そして、その中心にいたのが、副将格の男だった。
「名乗るまでもないが……我は“コルネリウス”。この戦場を凍らせに来た者よ!」
「いや、凍らせたのこっちだし……!」
ツッコミの一つでも入れたくなるが、奴の動きは冗談ではなかった。巨大な斧を片手で軽々と振り回し、氷を砕き、槍を粉砕し、壁をも跳ね返す。
「うおっ、何だこの怪力ぅっ!」
ゴロウの組んだ氷杭柵が一撃で吹き飛ばされ、木片が氷の空に舞い上がる。俺は思わずしゃがみこみ、顔面を守った。ゴロウ本人はというと、鼻筋に氷の破片をかすめさせながらも、
「……ほう、構造理解して崩しよったか。やるな副将」
などと悠長に頷いていた。
「感心してる場合か!!」
「よし次行こう、案2! 料理人、頼む!」
「へい!」
どこから出したのか、彼は巨大な鉄鍋を抱えていた。中にはトロリと煮えたぎる魔素スープ、その香りは敵味方問わず一瞬立ち止まるほど芳醇である。料理人は叫んだ。
「魔素爆香!《フレイバーバーン》!」
蓋を開けた瞬間、濃縮された香り成分が空中に炸裂。スパイスの嵐、ハーブのつむじ風、そして干し肉由来の旨味エネルギーが炸裂し、周囲の兵士たちは目を潤ませながらも戦意を回復──しそうな雰囲気だったが、敵にも効いていた。
「ぐおおっ、腹が……! 空腹が極まって力が出ぬ……!」
「この香り……家を思い出す……」
そう、故郷の記憶を呼び覚ますほどの香り。

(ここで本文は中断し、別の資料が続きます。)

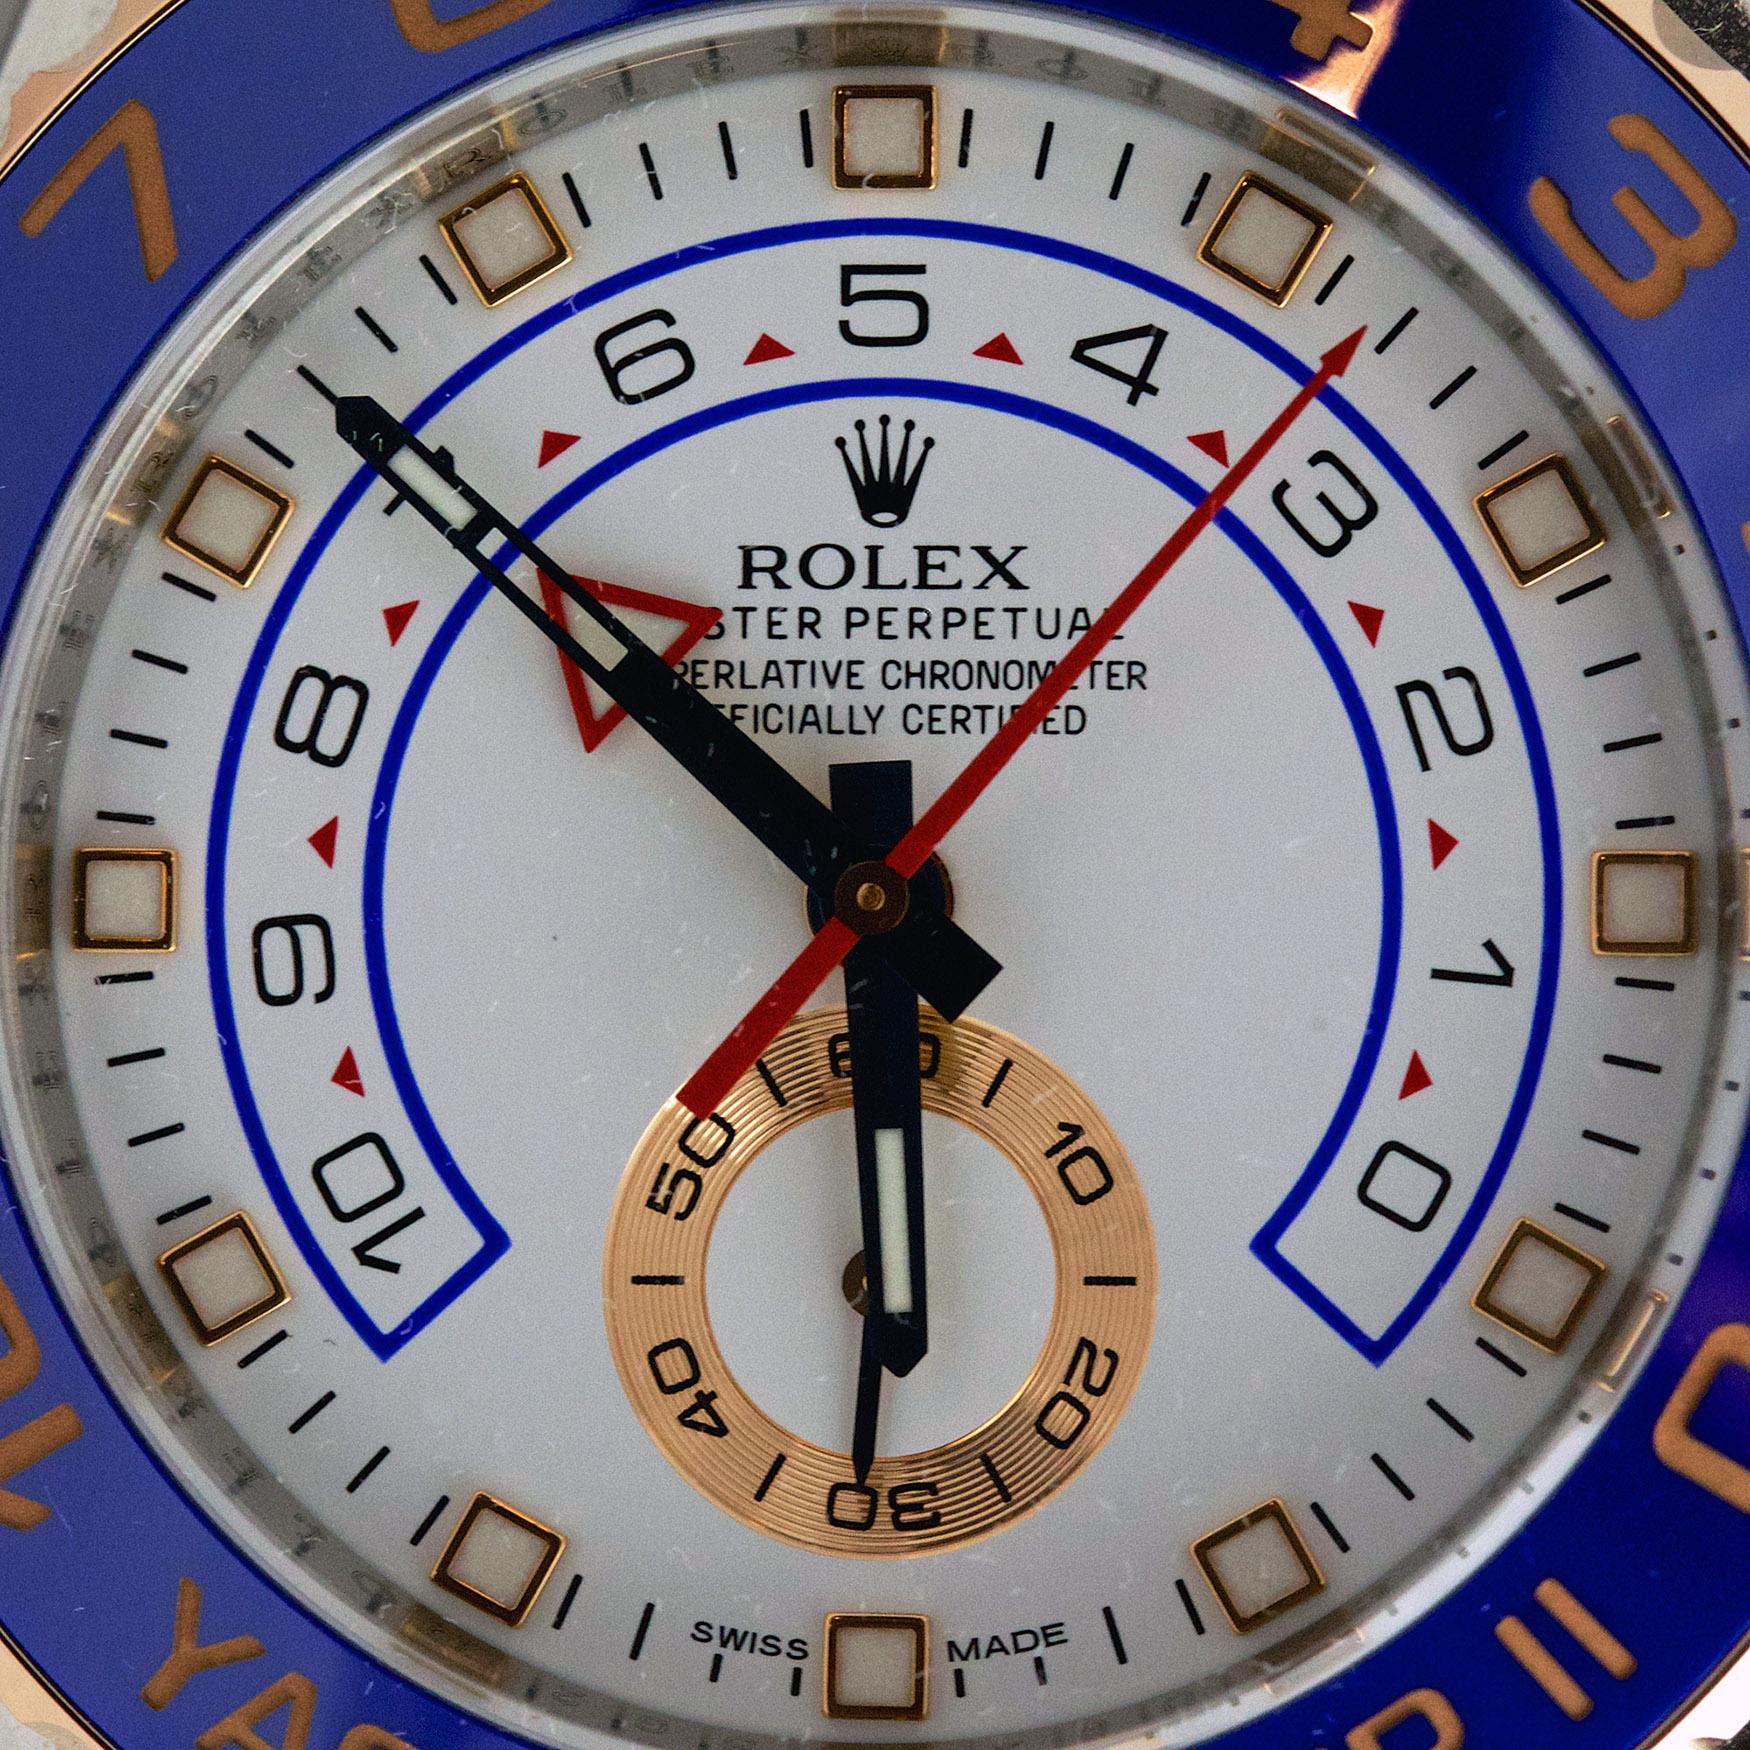 Rolex Yacht-Master II Ref. 116681 replica

殺傷力はないが情緒には刺さる。
「……それでどうやって勝つ気だった?」
「まあ、“気を削ぐ”という方向で……」
「次!」
俺は怒号を飛ばし、今度は医者を睨んだ。医者は満面の笑みで両手を広げた。
「お待たせ! 医学の力で戦場に平穏を!」
「できるわけねぇだろこの状況で!」
しかし、彼は真顔で首を振った。
「違うんだなぁ、我々医術士は力ではなく、知で勝つ。コルネリウスの筋肉、あれはおそらく“非対称肥大”。つまり、特定の方向にしか動きにくい!」
「へ、へえ……?」
「だから、この薬草汁を霧にして目に──」
コルネリウスが、こっちに突っ込んできた。
「喋ってる場合かあああああ!」
俺は叫び、医者は叫びながら霧を散布、その霧は無風の戦場をまっすぐ我々の方向へ──つまり我々自身の目を直撃した。
「ぐわっ! しみる! 何を混ぜたんだこれ!」
「イタドリとユズの絞り汁と……ちょっと塩分強めに……」
「料理かよ!!」
その隙に、ゴロウの二段杭柵は破壊され、料理人の鍋は副将に踏み潰され、俺たちは全員川辺に投げ出された。

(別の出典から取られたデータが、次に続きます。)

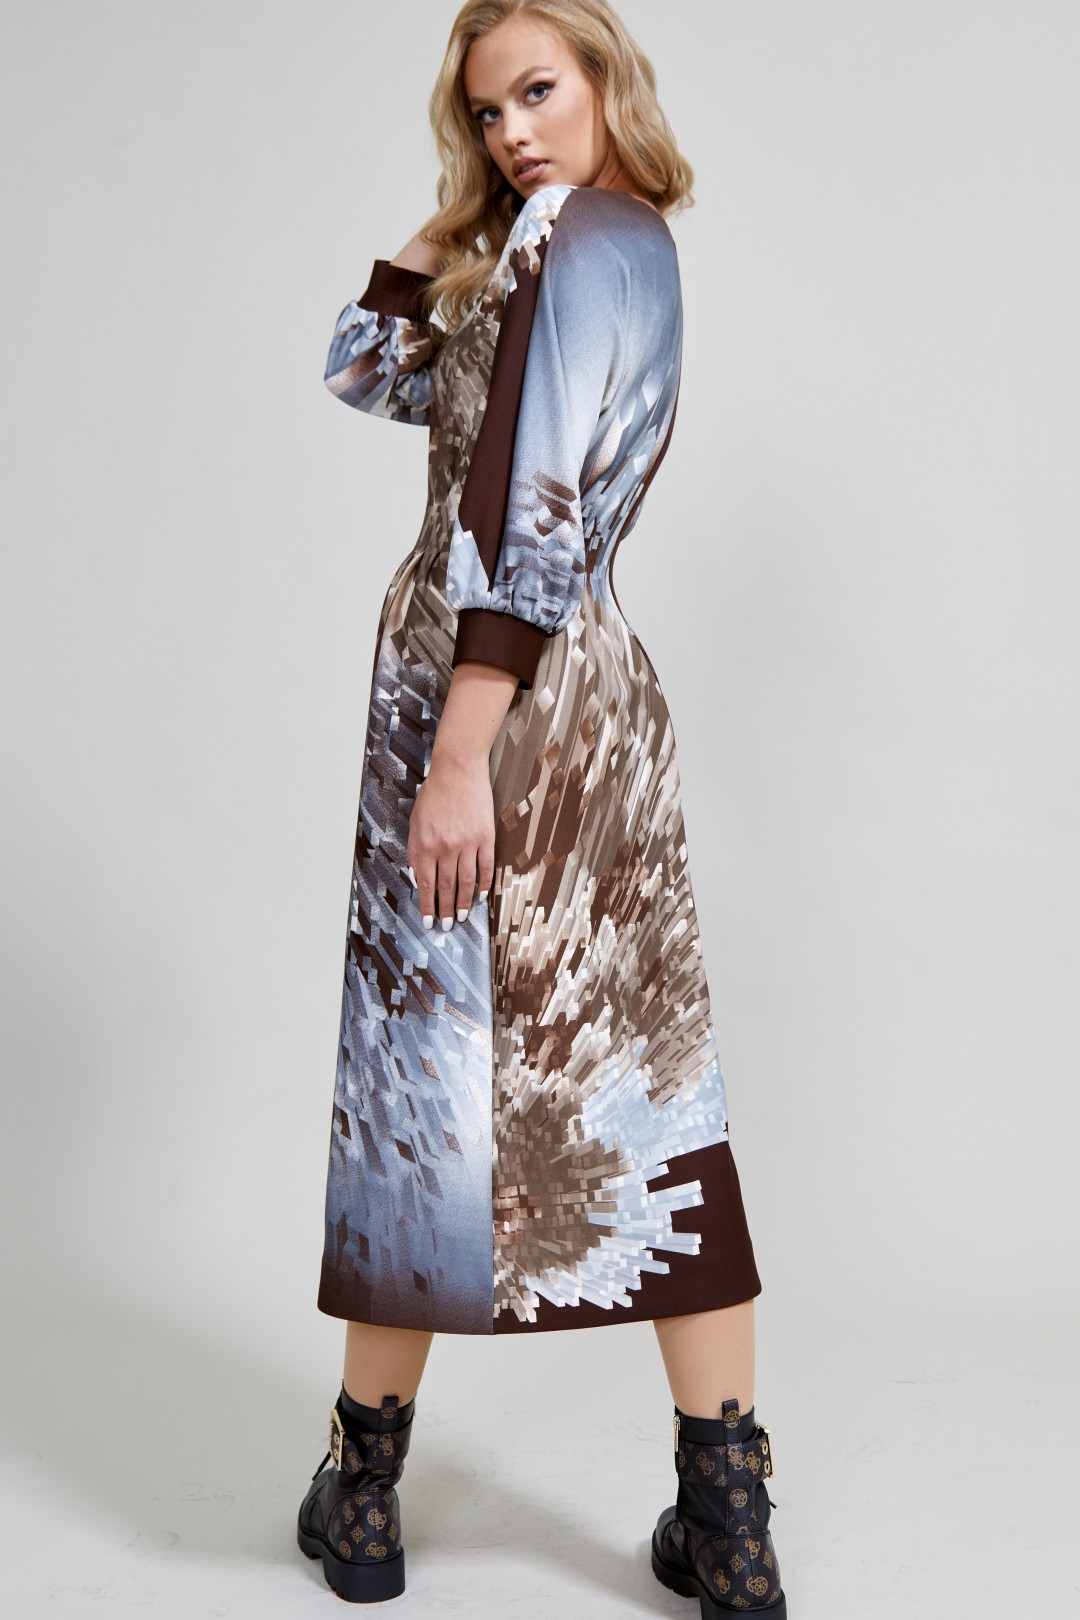 Платье ТЭФФИ-стиль 1592 молочный шоколад + кристаллы

「ククク……くだらぬ策を次々と……だが、面白い……!」
コルネリウスが笑った。楽しんでやがる。
踏みつけられた鍋から、まだ香りがふわりと立ち昇っていた。だがそれすら、今や滑稽に思える。副将コルネリウスは歩を止めず、俺たちを見下ろすようにして──
「勝てぬ戦など、なぜ始めた?」
などと哲学的なことを言い始めた。戦場で持論を語るな。
「……終わったかもな」
俺はつぶやいた。視界は霞み、仲間は全員倒れている。足元の氷が軋む音が、やけに耳に響く。だが、次の瞬間──空気が変わった。
ふわりと花びらのような風が吹いた。
同時に、水音がした。
氷の川面に、ふたつの影が降り立つ。
「遅れてごめんね、でも間に合ったよね?」
長い銀髪を靡かせ、エリスが微笑んでいた。彼女の周囲には目に見えぬ精霊たちが集い、囁き、空気が震える。
「まったく……あなたはすぐに無茶をされますね。」
レイヴィアが言った。水をまとい、気品と冷気を背負った姿は、もはや神話の一場面のようだ。
街における最強クラスの魔法使い。セリアを“暴走枠”とするならば、このふたりは“制御された終末兵器”である。
俺は、氷の上で崩れ落ちながら、かすかに笑った。